What the answer must hold is the line containing "Cebolas e Tomates Recheados Ciganos" and all lines after it through the end of the listing, copied exactly, with pictures left out.
*** Collected material ***
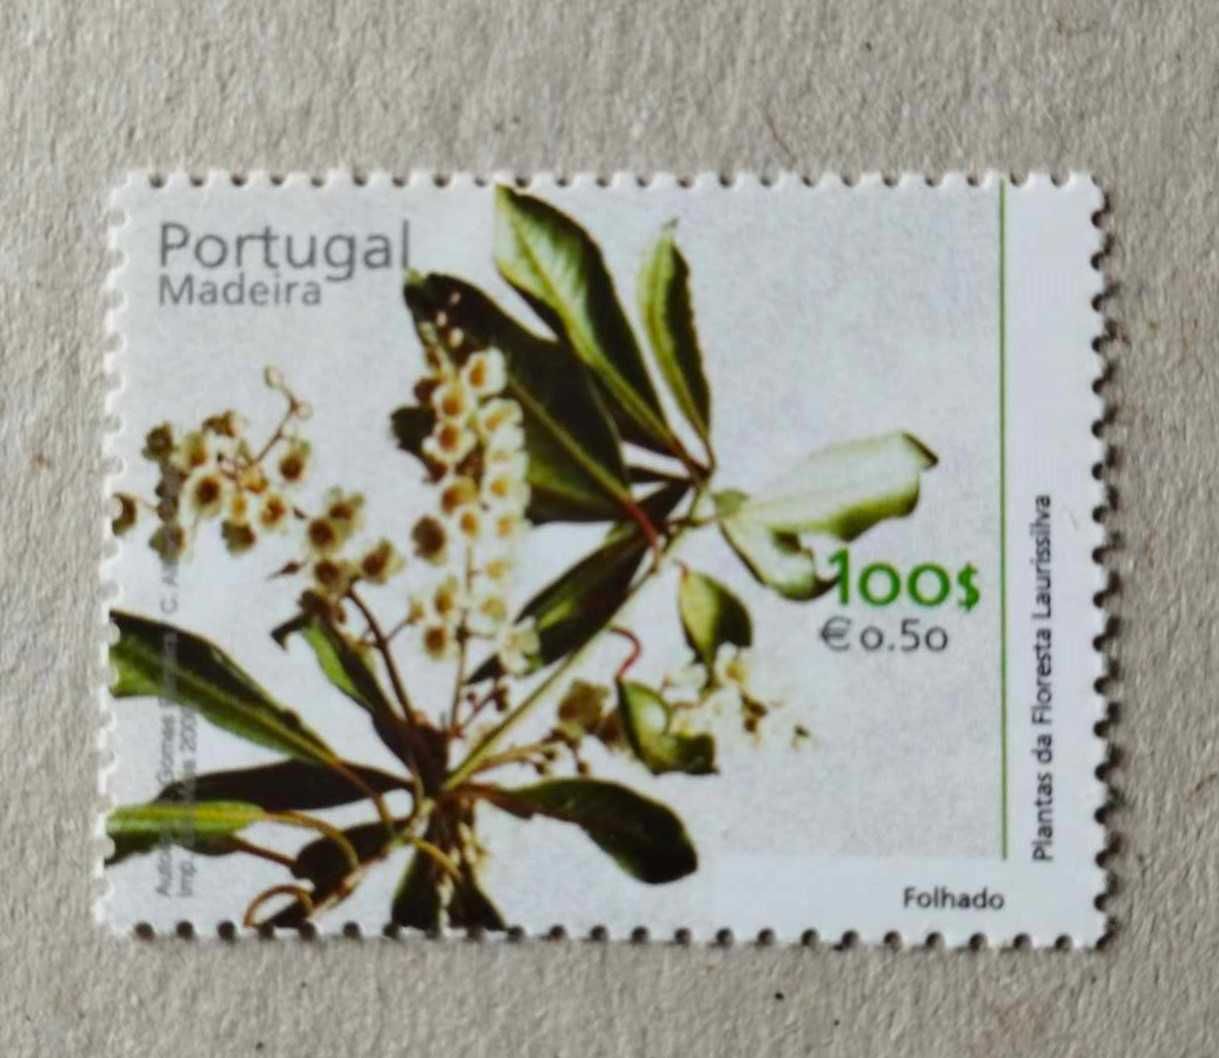 Série nº 2711/16 – Plantas da Floresta Laurissilva da Madeira 2000
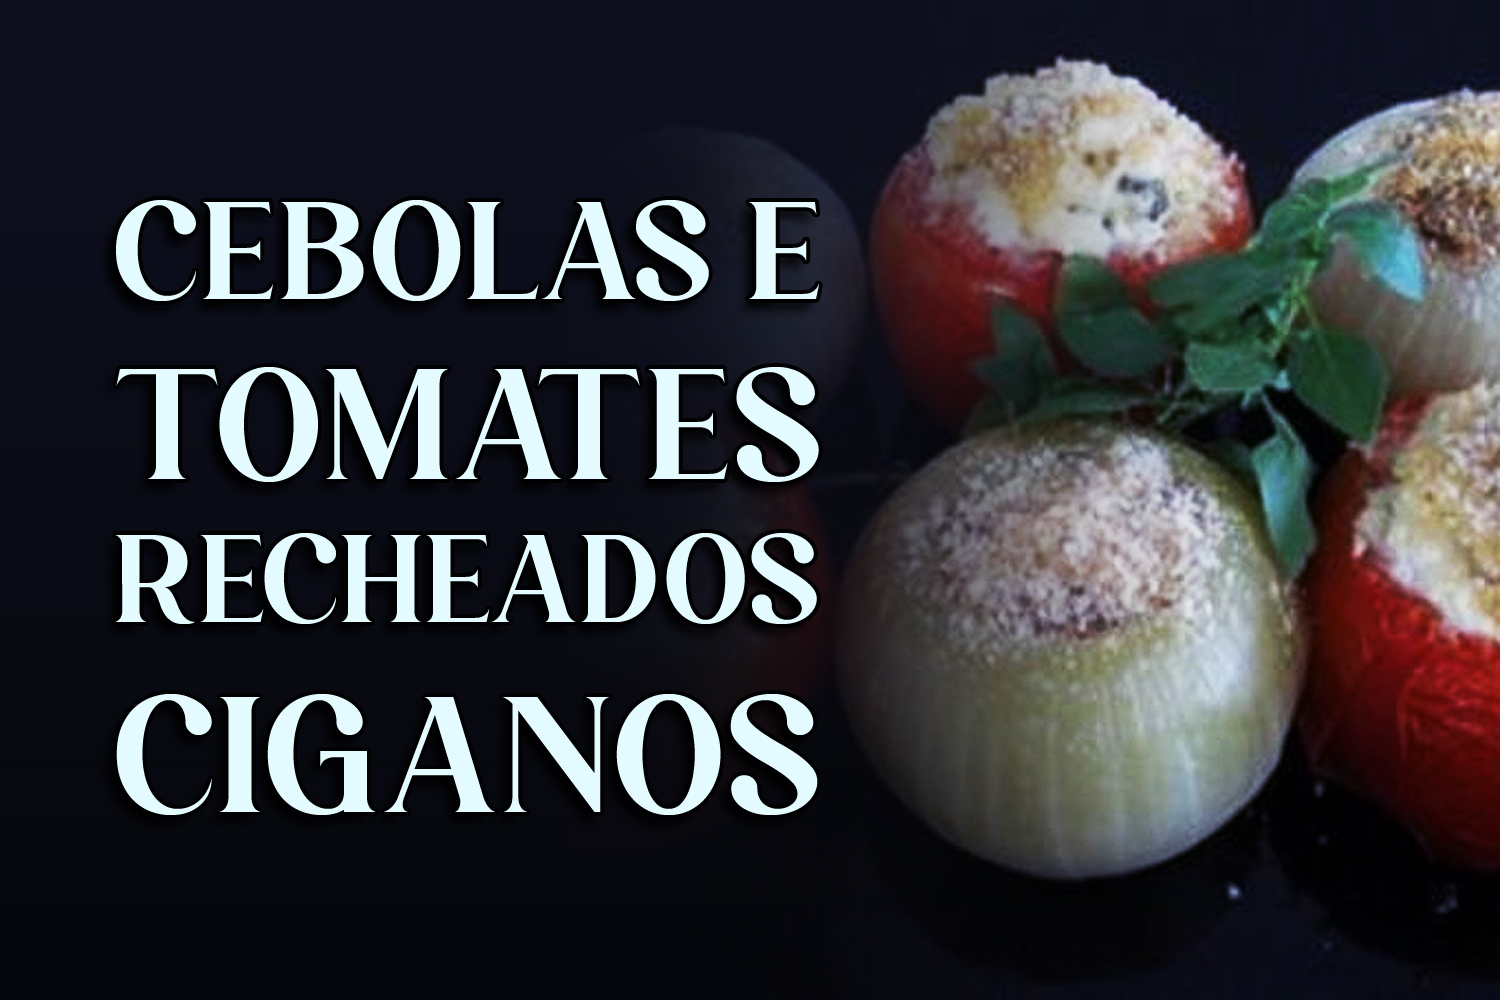 Cebolas e Tomates Recheados Ciganos
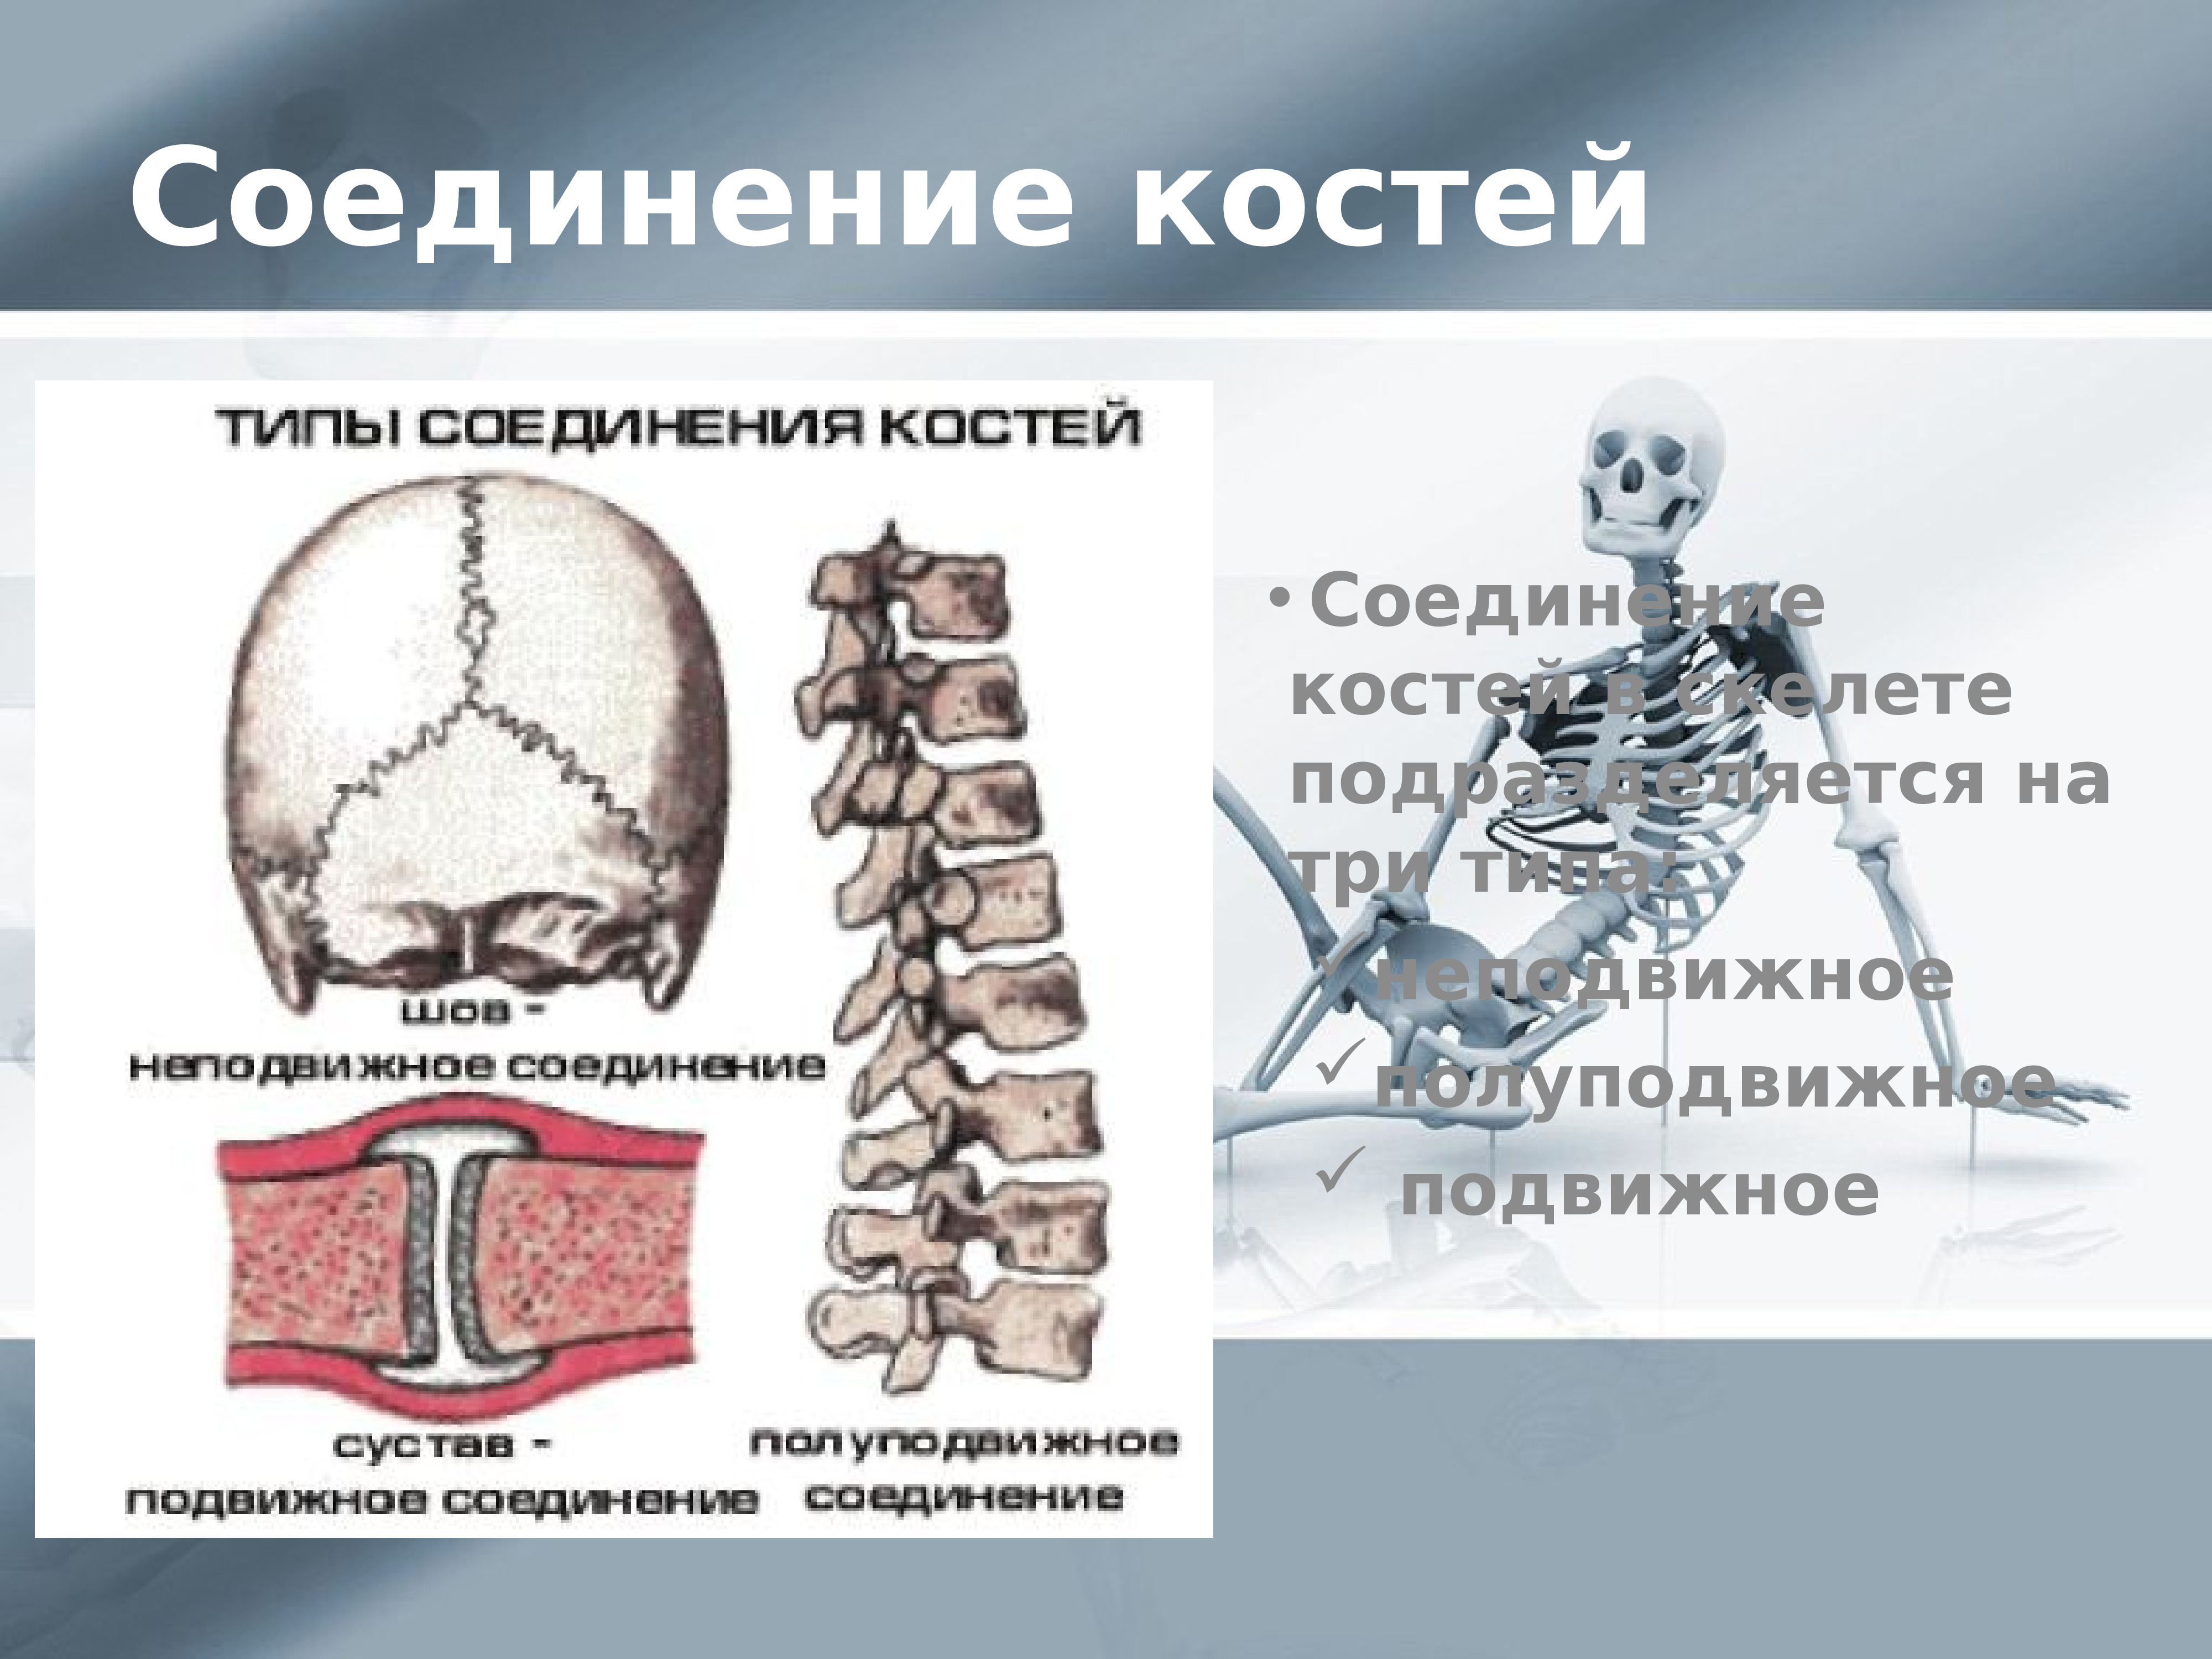 Соединение костей скелета. Подвижные и полуподвижные кости человека. Подвижное соединение костей черепа. Подвижные полуподвижные и неподвижные кости человека таблица.
*** End of Collected material ***
_Solution to this problem:_
 Cebolas e Tomates Recheados Ciganos
 Соединение костей скелета. Подвижные и полуподвижные кости человека. Подвижное соединение костей черепа. Подвижные полуподвижные и неподвижные кости человека таблица.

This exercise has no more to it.